═════ Recorded data ═════
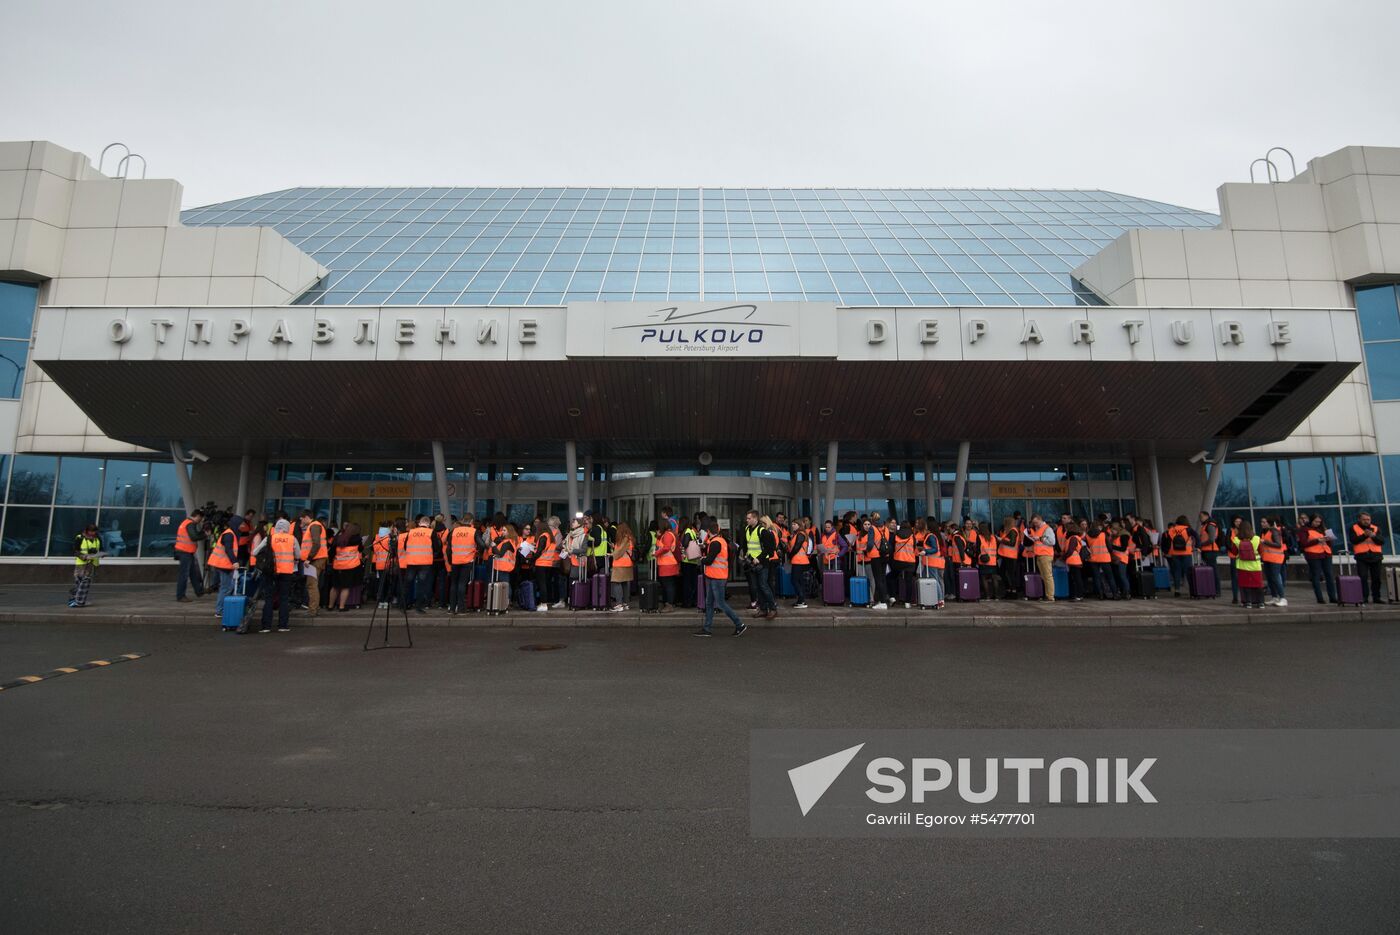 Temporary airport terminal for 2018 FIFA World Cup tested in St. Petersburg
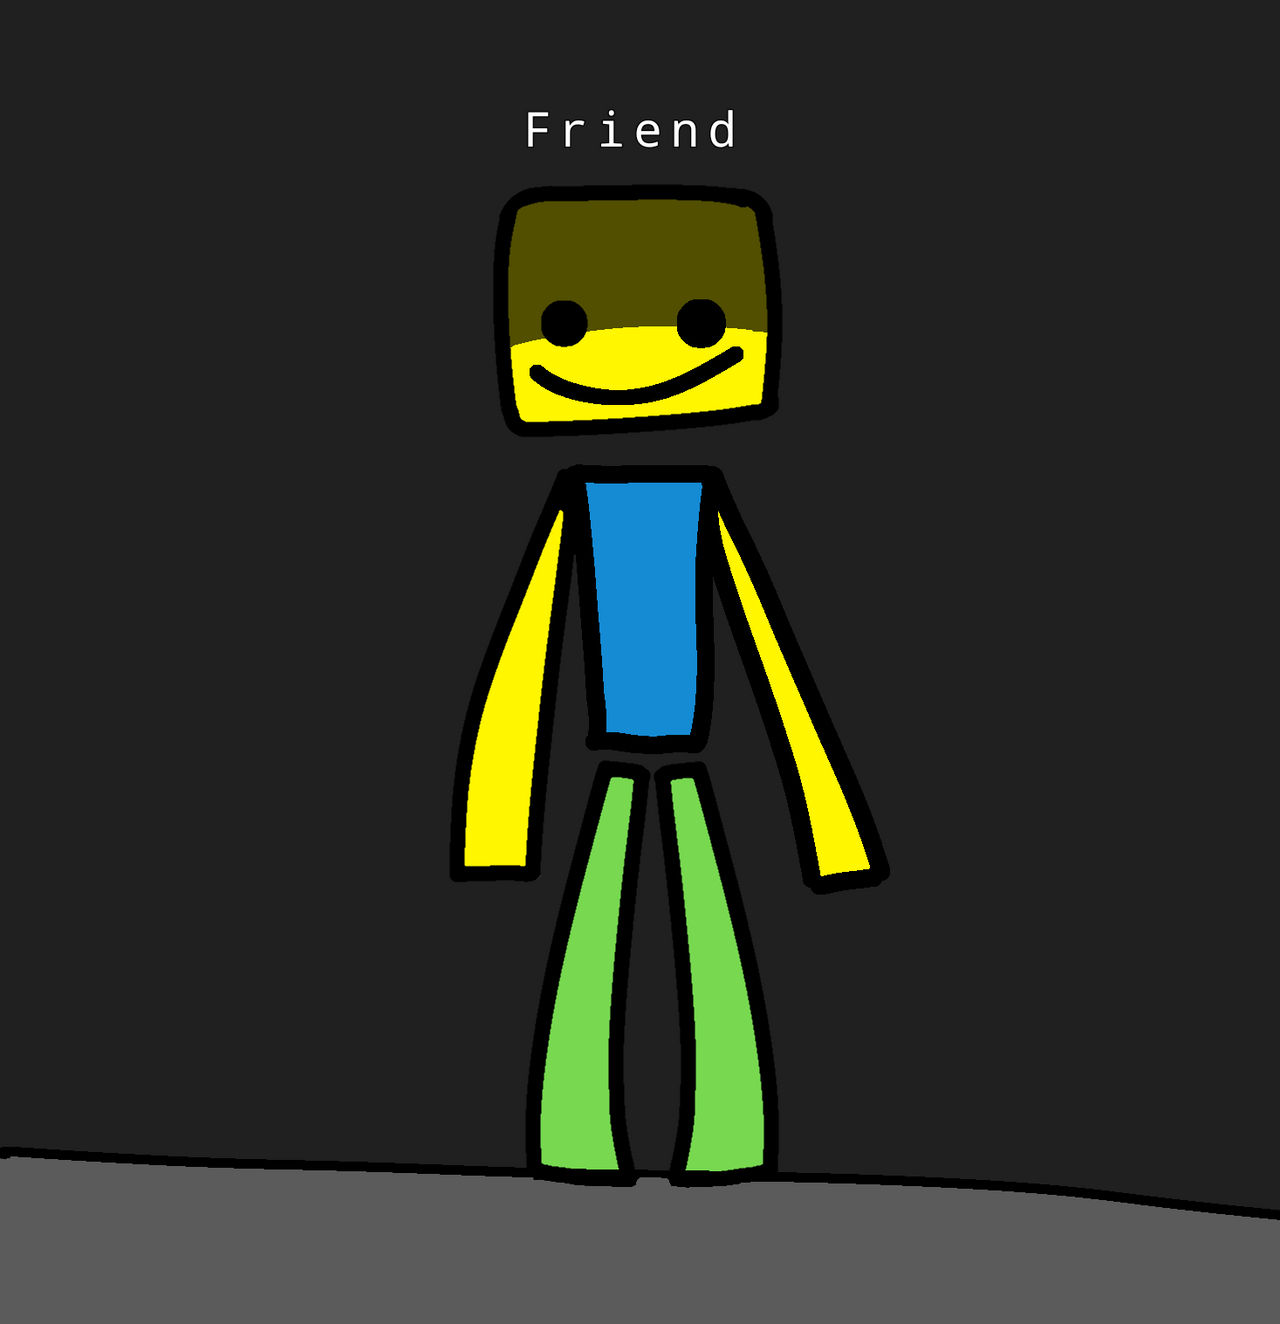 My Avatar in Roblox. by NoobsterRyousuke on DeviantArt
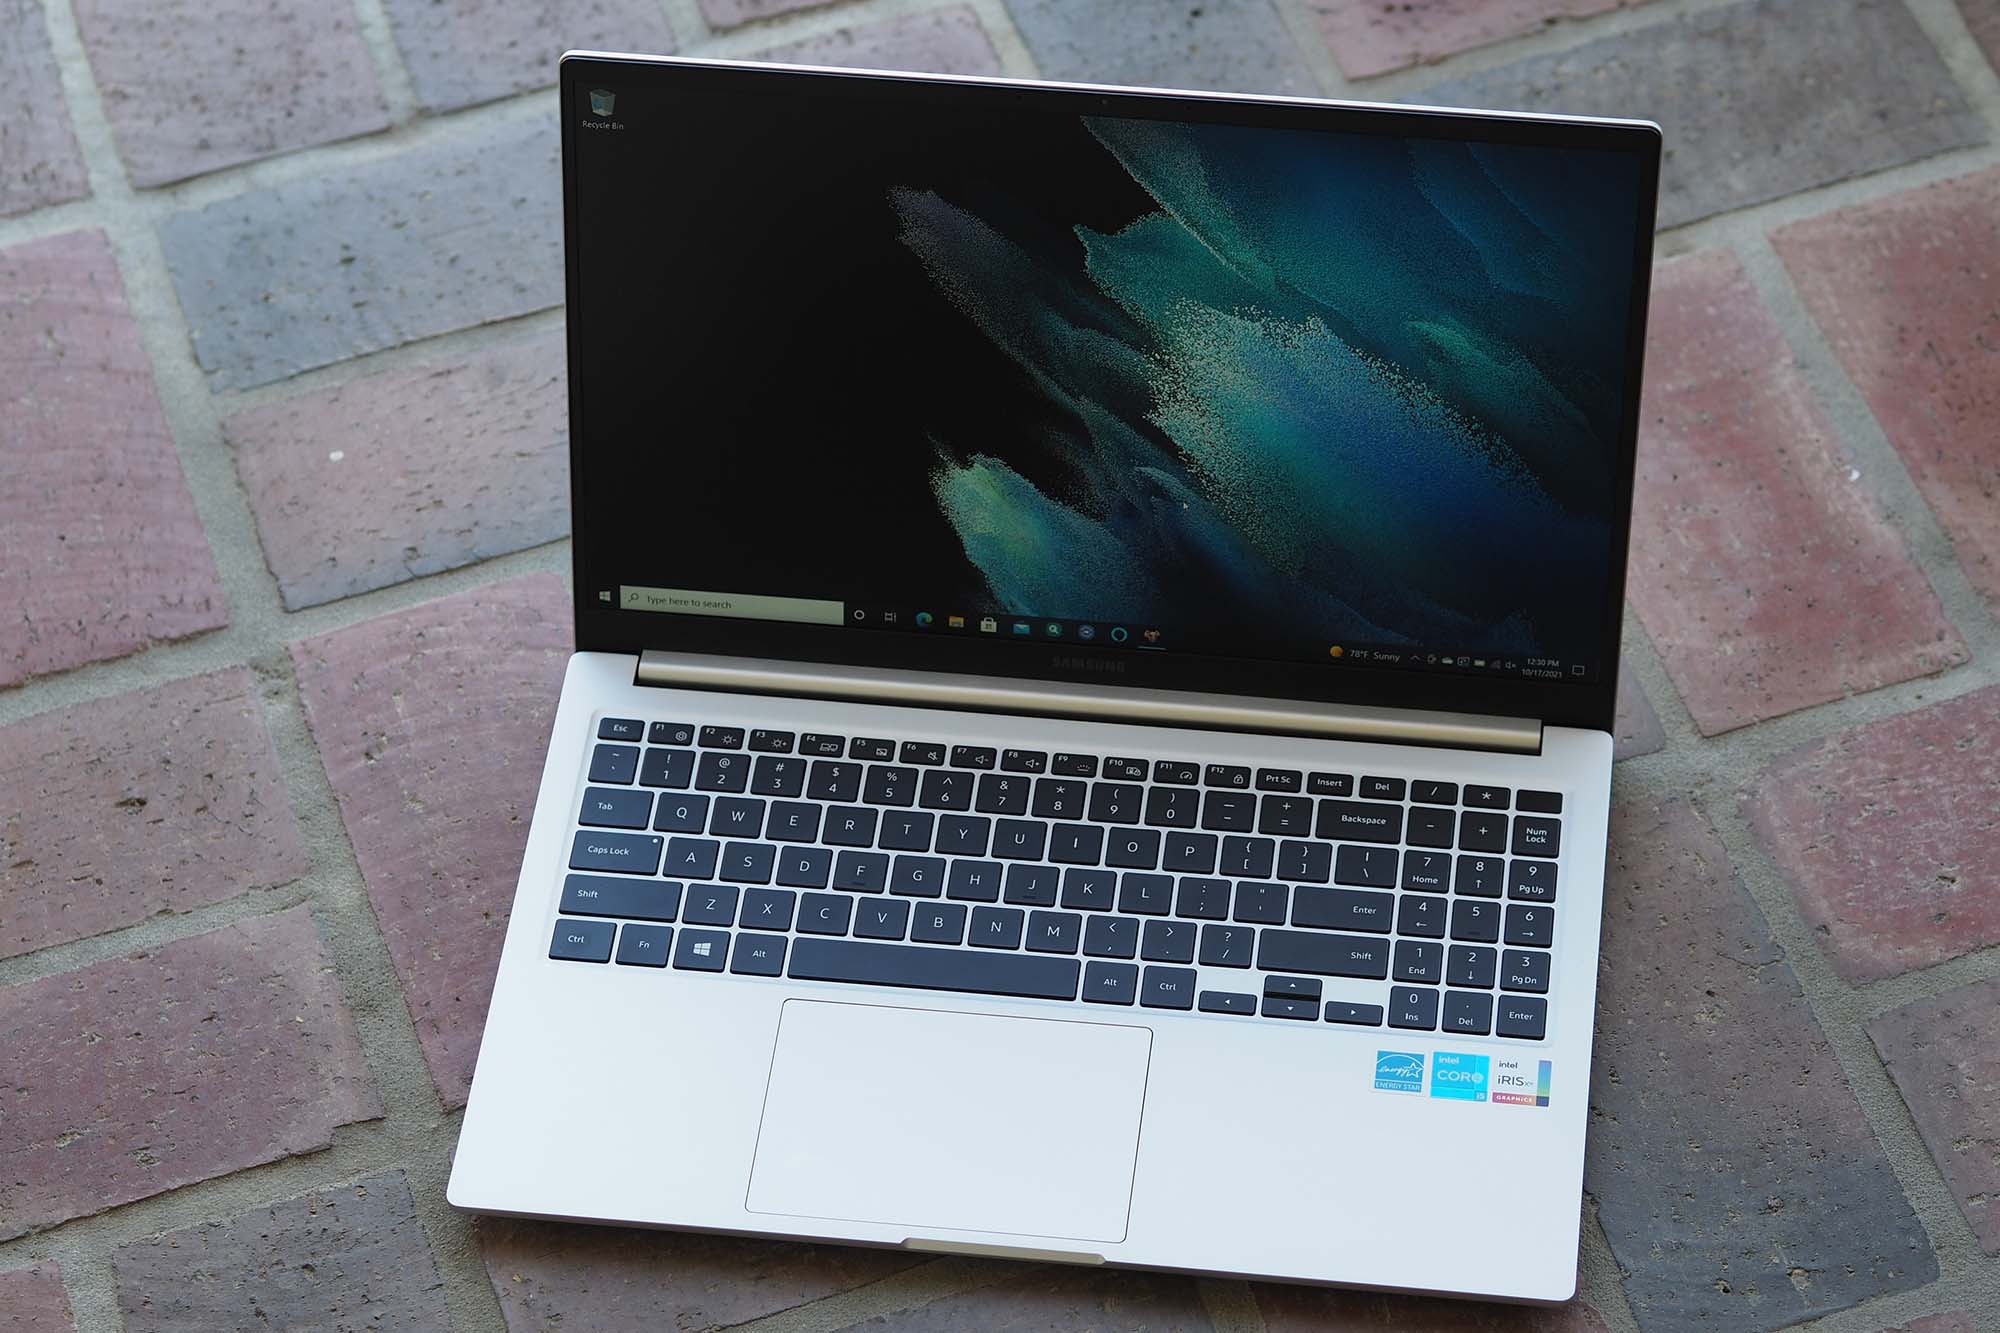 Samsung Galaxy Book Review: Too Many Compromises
═════
▸ **Action item**:
Repeat every line of the data above exactly, but drop the pictures.

▸ **Exercise result**:
 Temporary airport terminal for 2018 FIFA World Cup tested in St. Petersburg
 My Avatar in Roblox. by NoobsterRyousuke on DeviantArt
 Samsung Galaxy Book Review: Too Many Compromises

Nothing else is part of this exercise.